Now, after many mistakes, the United States is executing an apparently successful plan to secure and depart Iraq, and has accorded Afghanistan 30,000 more first-class soldiers, under the leadership of a respected and successful allied force commander, General Stanley McChrystal. Across the border in Pakistan, meanwhile, a combination of Taliban outrages, U.S. diplomacy and assistance, and an apparently substantial move toward Pakistani military resolve, has transformed that country into a more willing and effective ally.

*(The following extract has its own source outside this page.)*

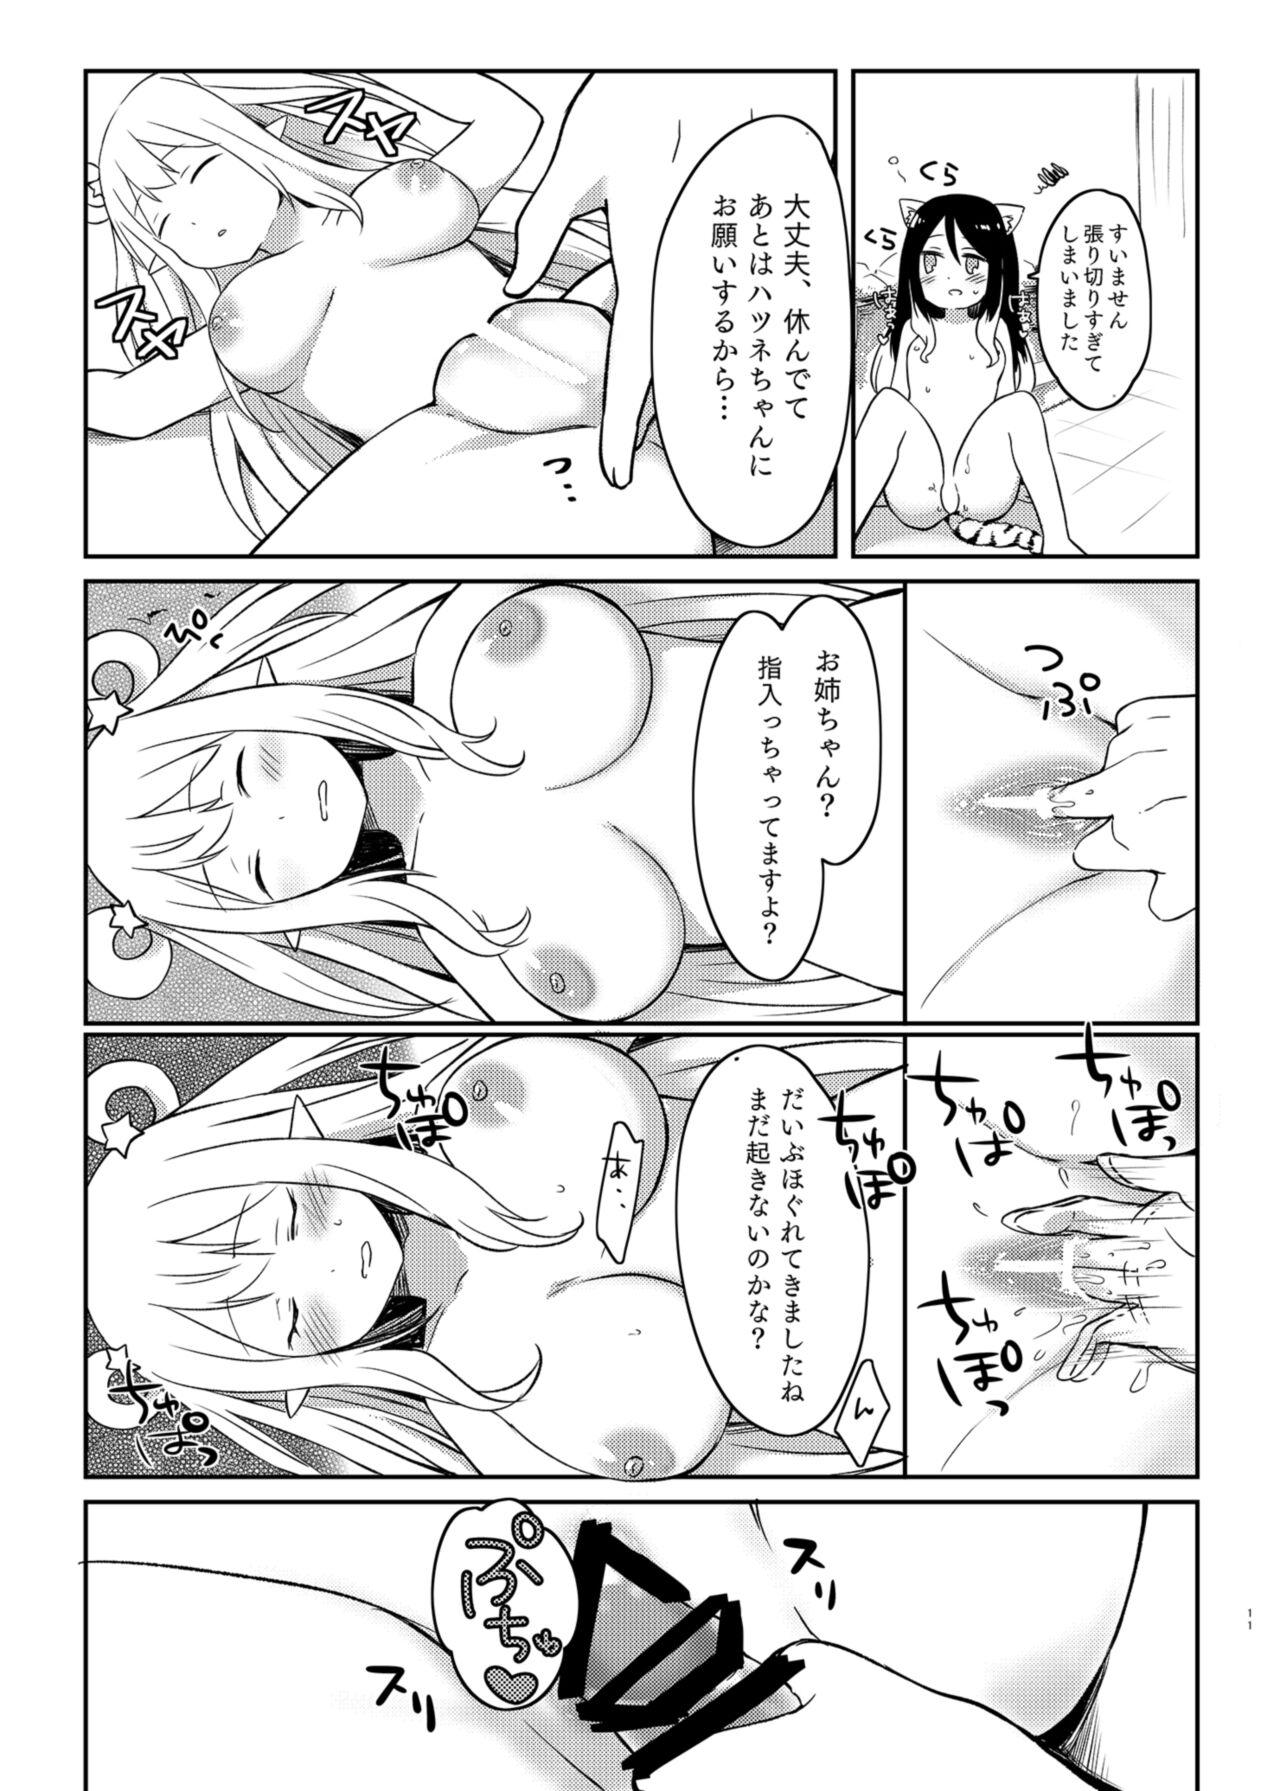 Fuck Porn Hatsune to Shiori no Yukemuri Daisakusen - Princess connect Sucking Cock - Page 11

A recent poll by the BBC, ABC, and the German network ARD has revealed a sharp rise in Afghan support for the U.S.-NATO force presence (to 70%), and support for the present Afghan government, as opposed to the Taliban, of 90% to 6%. NATO is not an occupier, and the Taliban does not have a fraction of the popular support necessary for a truly successful insurgency, once the Afghan government forces are adequately large, armed and trained. Instead of padding around indecisively and furtively, bending to the pacifistic posturing of the Bloc Québécois and the NDP, Canada’s government must lead domestic opinion to a new Afghan policy based on the following points.
Canada should remain at present strength in Afghanistan until President Obama’s proposed initiation of de-escalation in 18 months. Following that period, we would then determine our future policy, independently of the United States, but simultaneously. This commitment should be conditional on continuing to receive adequate support from the three crack U.S. Stryker battalions that have been placed under Canadian command at Kandahar. The question of detainees is a side-show. The Allies should develop a common policy about when to hand over detainees to the Afghan government, and what treatment of those detainees will be expected of the Afghans — a more universal implementation of the sort of policy that the Canadians already have in place, in other words.
The Harper government should aggressively repeat the rationale for the Afghan intervention originally advanced by the Chrétien government: that terrorism is a threat to all civilized countries, that Canada pledged to do its part, that NATO is the most successful alliance in history and the cornerstone of the security of all its members (except the United States, which provides most of the security), that this is a just and necessary war for the reasons that President Obama and other allied leaders (as well as three successive Canadian prime ministers of both major parties) have articulated, and that premature withdrawal would confirm the Bin Laden charge that the West is decadent and cowardly.
Finally, Harper should acknowledge that it would a fraud to leave, as is currently contemplated, fewer than 1,000 “non-combat” Canadians in the country: They would be nothing but sitting ducks. Canada’s foreign policy establishment must stop moping about Pearsonian peacekeeping and “punching above our weight.” Peacekeeping doesn’t work when there is war, and isn’t usually necessary when there isn’t.
Canada should recognize that it is one of the 12 or 14 most important countries of the 193 in the world, and bulk up its weight accordingly and, to apply that clichéd metaphor, punch that weight. We can’t wallow in nostalgia about peacekeeping and grumble about being under-recognized when we hide our light under a bushel, and announce we are pulling out of an eight-year commitment now that we are on the verge of participating in a much-desired and very necessary victory. In geopolitics, flyweights aren’t heavy-weights. There is no international free lunch. And being served one is an ignoble ambition for such a distinguished country as ours.